My guess is pretty soon, perhaps even before the end of the year. It'll be slave-only, like the 430.


----------



## cayenne (Sep 19, 2013)

neuroanatomist said:


> My guess is pretty soon, perhaps even before the end of the year. It'll be slave-only, like the 430.



I hope so...I'll definitely take a couple of those when they get out!!!

C


----------



## Marsu42 (Sep 19, 2013)

ScottyP said:


> When will the smaller flashes with wireless come out to update the 430?



There recently was a rumor about a new flash at the end of 2013 ... 
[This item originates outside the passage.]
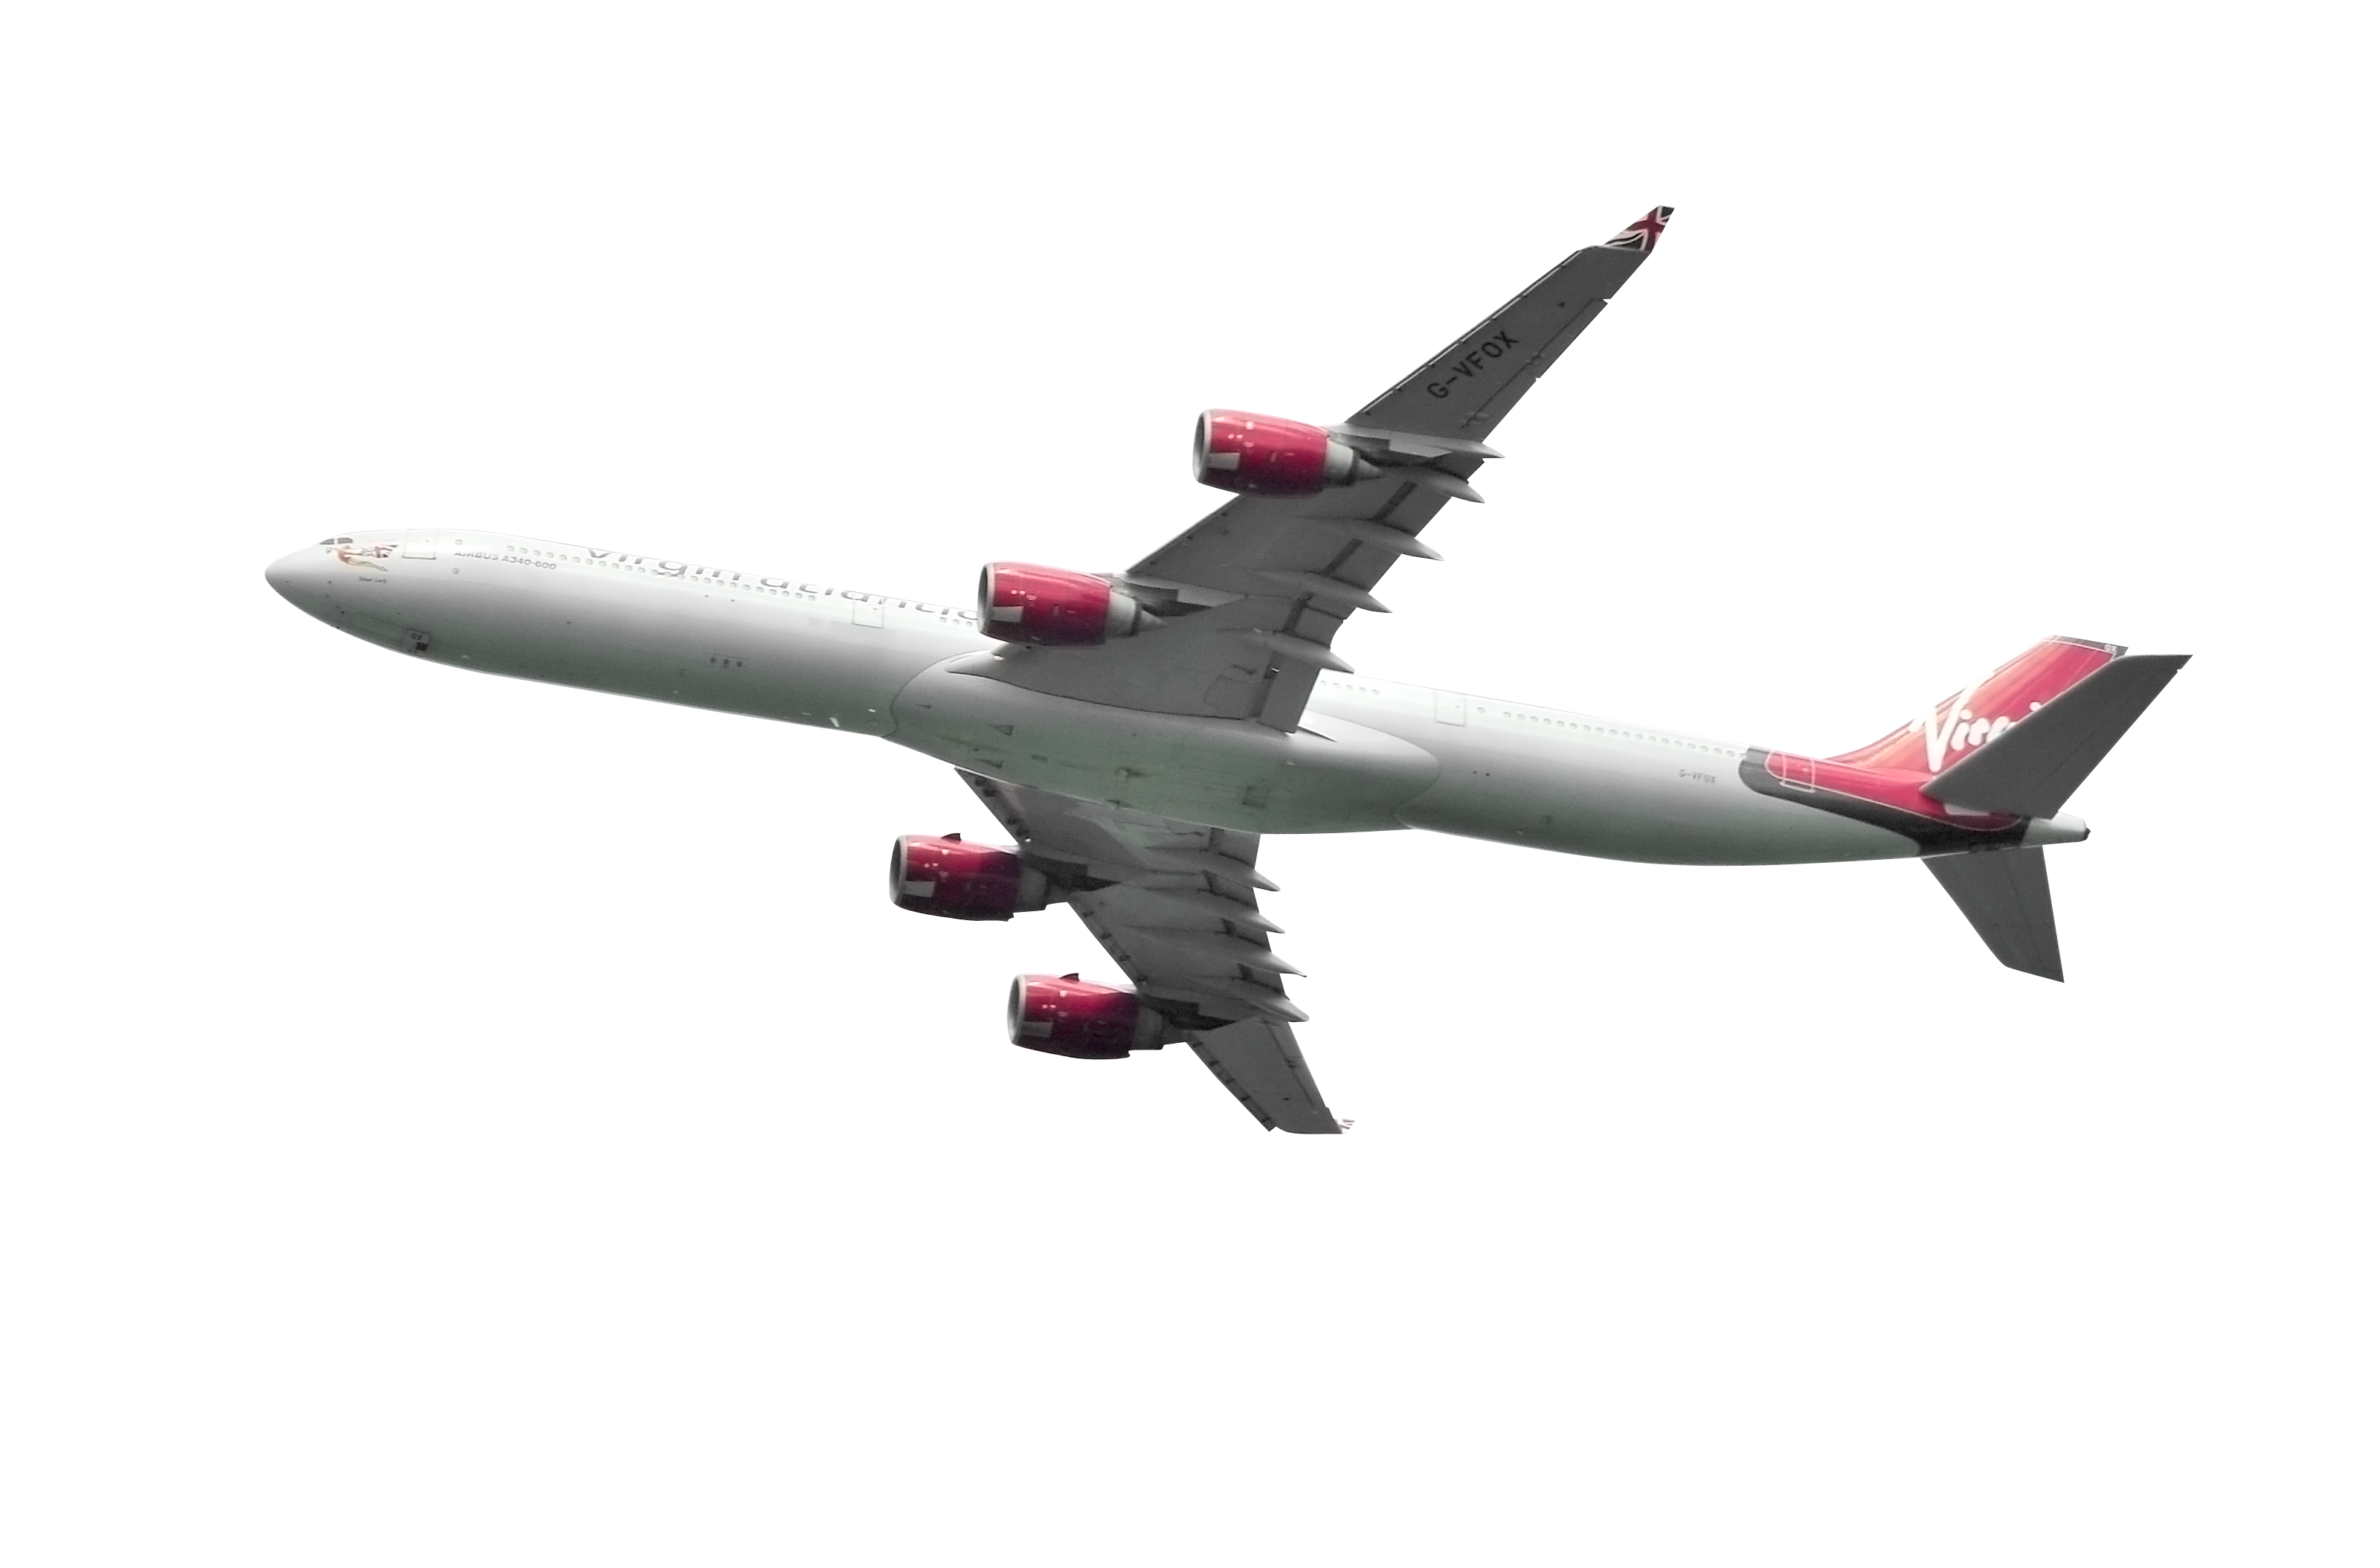 Planes PNG images free download, plane PNG photo.

... but to be honest, this might be the next 50/1.4 update: Canon has missed the chance to introduce a coherent rt flash system with master, slaves and triggers - obviously they want to sell as many 600rt models as they can. Now that they've taken this route, some month or maybe a year wouldn't matter much for the 430ex2 update.


----------



## s2kdriver80 (Sep 22, 2013)

Man, they should just throw in the master capability into these flashes. Make the price close to the 600EX, I would still buy the 450EX, just for the portability. If no master functionality, I'll probably end up getting a couple to replace each of my old 430s + the ST-E3 instead.


----------



## Jim Saunders (Sep 22, 2013)

Given three lights now, one of these new flashes makes more sense than the ST-E3-RT for the sake of having three lights off-camera. That goes double if the new flash can act as a remote release like the 600 can.

Jim


----------



## Marsu42 (Sep 23, 2013)

s2kdriver80 said:


> Man, they should just throw in the master capability into these flashes. Make the price close to the 600EX, I would still buy the 450EX, just for the portability.
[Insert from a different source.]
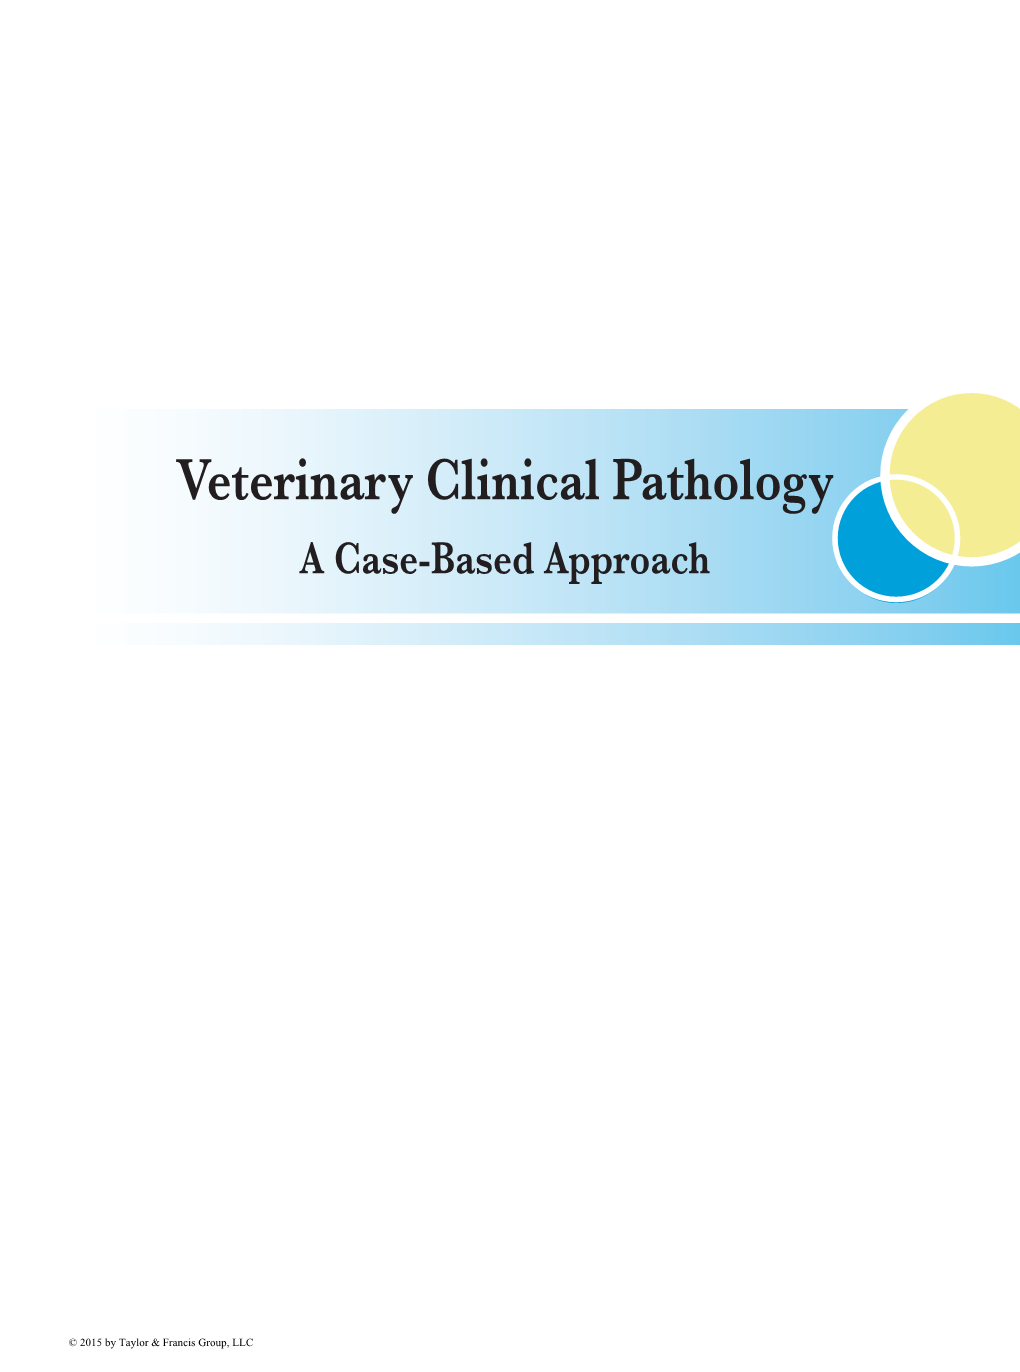 Veterinary Clinical Pathology a Case-Based Approach

I'd guess most people, including me, would still go for the 600rt if prices would be similar and the small flash would have master capability (which won't happen with Canon). I now seldom use my 430ex2 because I realized more power actually is very useful:

* hss power
* same m power when all flashes are the same
* 200mm reflector
* bounce
* diffusers
* recycling time
* ext. power port
* pc sync port


----------



## brad-man (Sep 26, 2013)

I'd be interested in a 430 RT _if_ the flash doesn't grow any in size (unlikely) and _if_ it stays under $300 (even less likely). I guess I'll be saddled to my 622s for a while longer.

@ Marsu42: I was wondering where you picked up your 66D. It's not yet available in the states


----------



## Marsu42 (Sep 27, 2013)

brad-man said:


> @ Marsu42: I was wondering where you picked up your 66D. It's not yet available in the states



60D and 6D are just about the same camera, that's why I came up with the combined model


----------